* [Recorded data]:
##############################

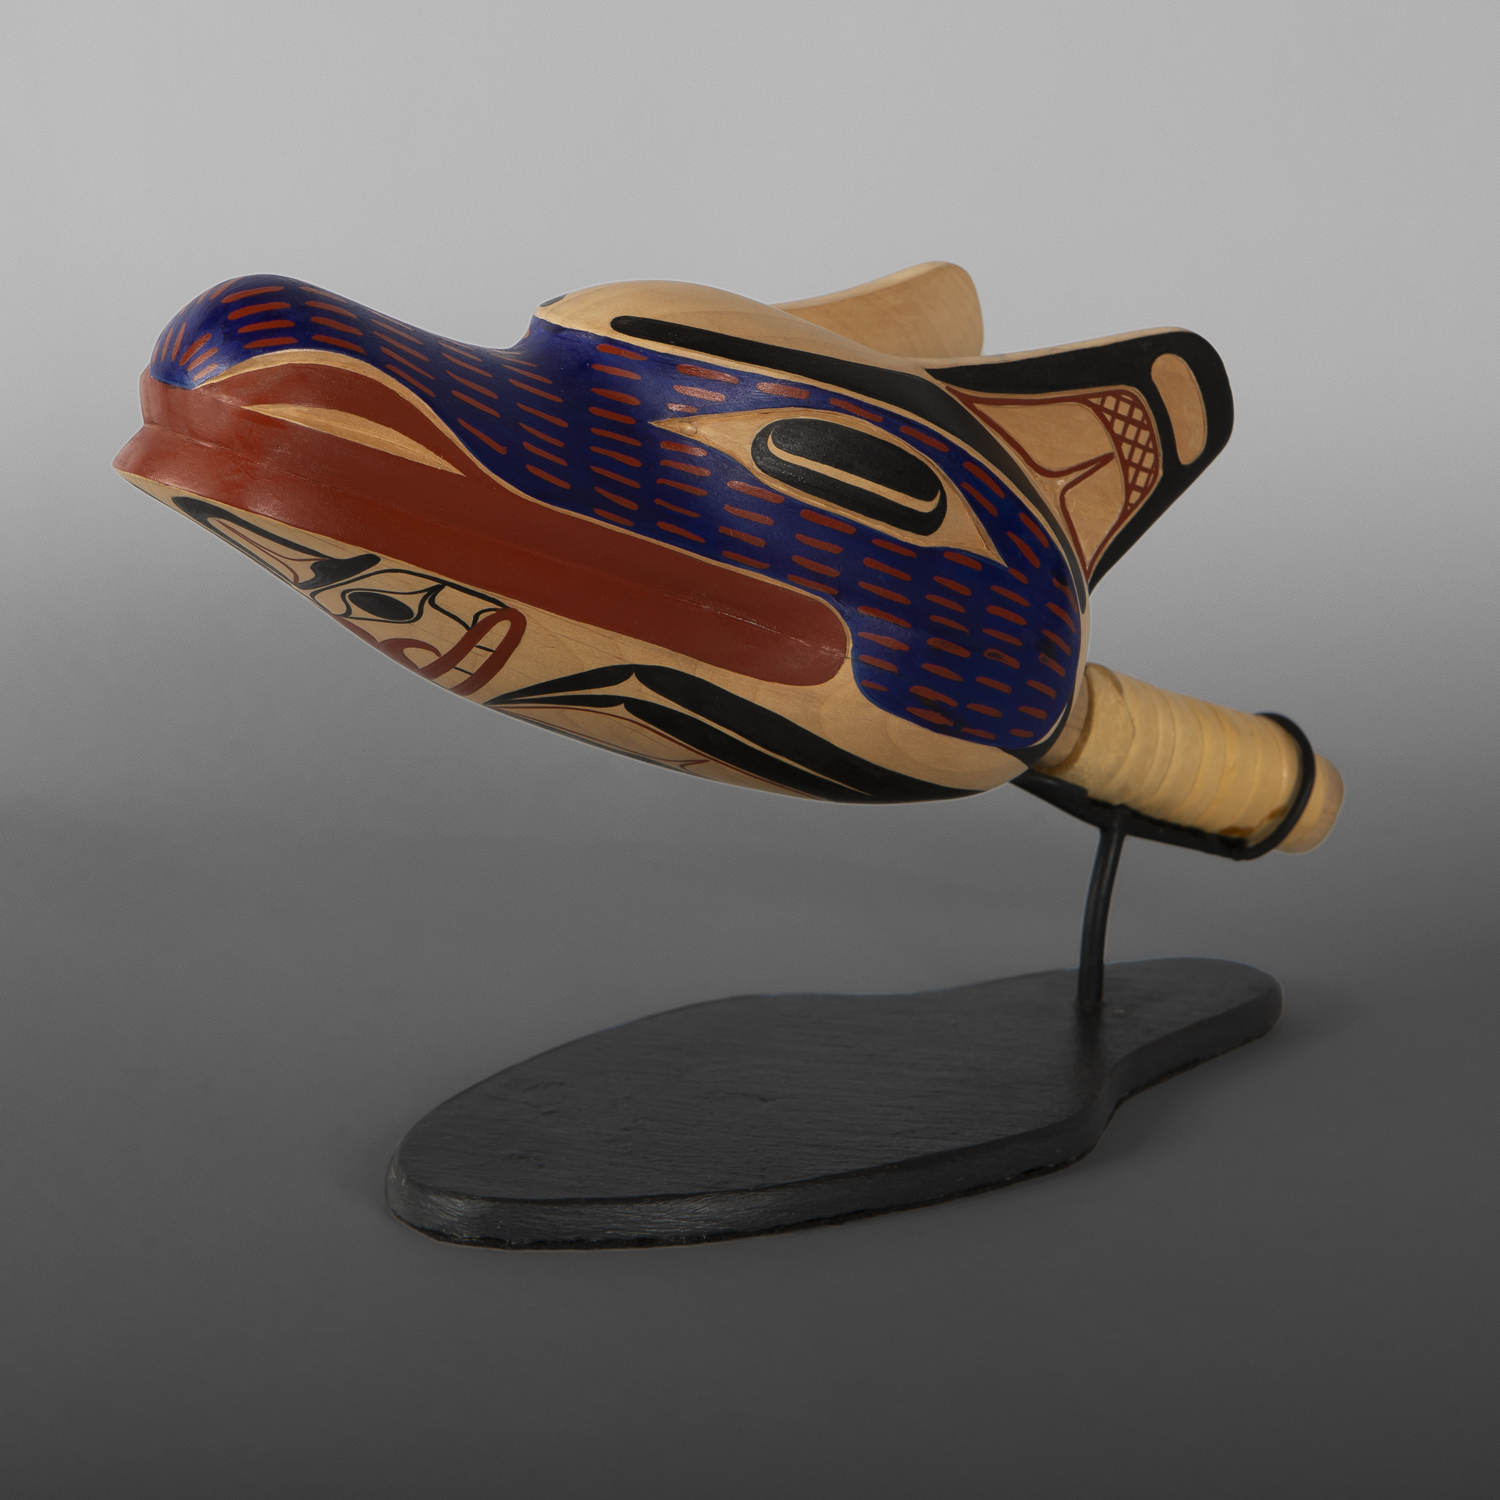 Wolf Rattle
David A Boxley
Tsimshian
Alder, leather, paint, beads, custom stand
12" x 4" x 4" x (&"  high with stand)
$5800
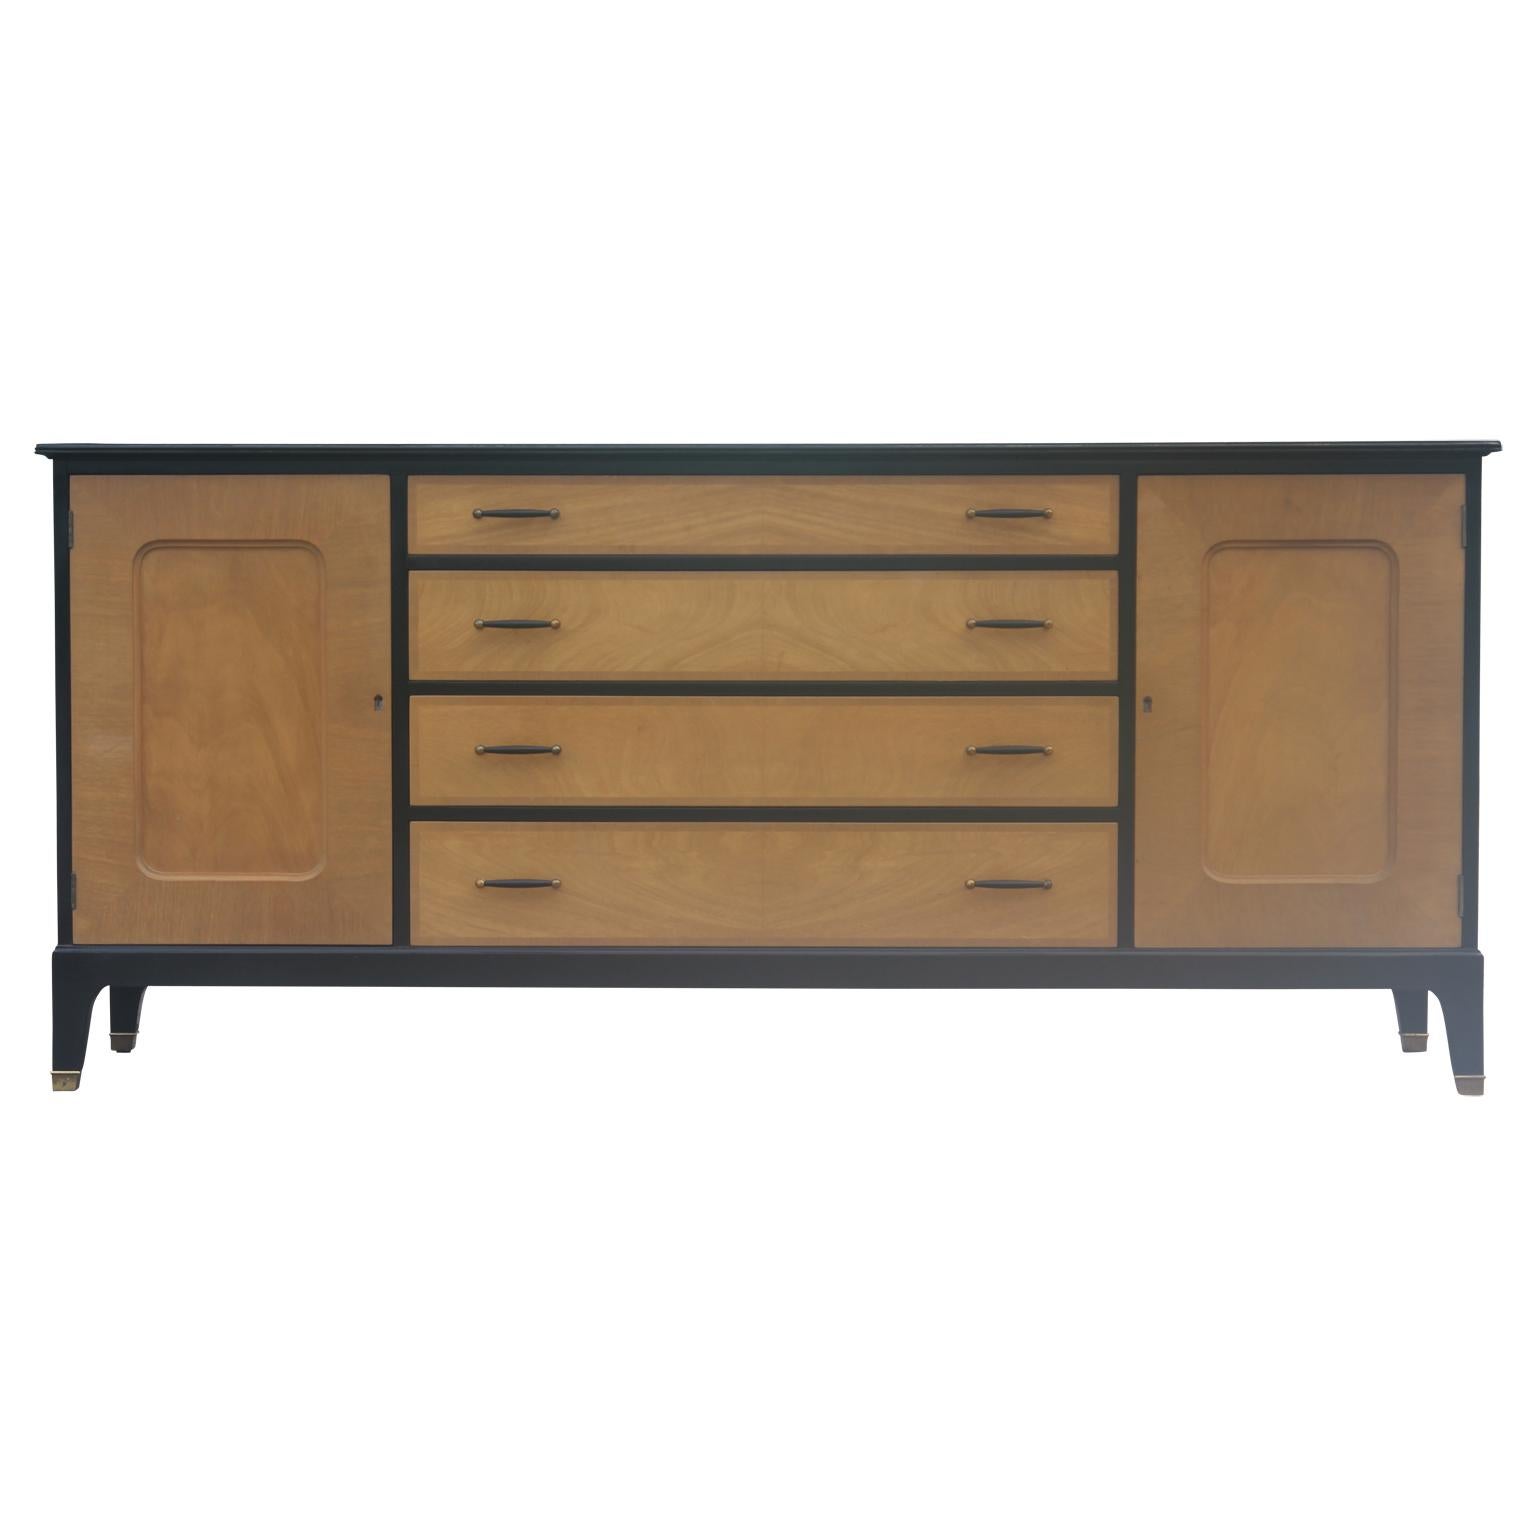 Modern Two-Tone Four-Drawer Credenza or Sideboard by Johnson Furniture

##############################

* [Goal of the exercise]: Set down, in exact form, only the lines that start at the one containing "Alder, leather, paint, beads, custom stand" and finish at the last line of the material; pictures do not go in.

* [Task output]:
Alder, leather, paint, beads, custom stand
12" x 4" x 4" x (&"  high with stand)
$5800
 Modern Two-Tone Four-Drawer Credenza or Sideboard by Johnson Furniture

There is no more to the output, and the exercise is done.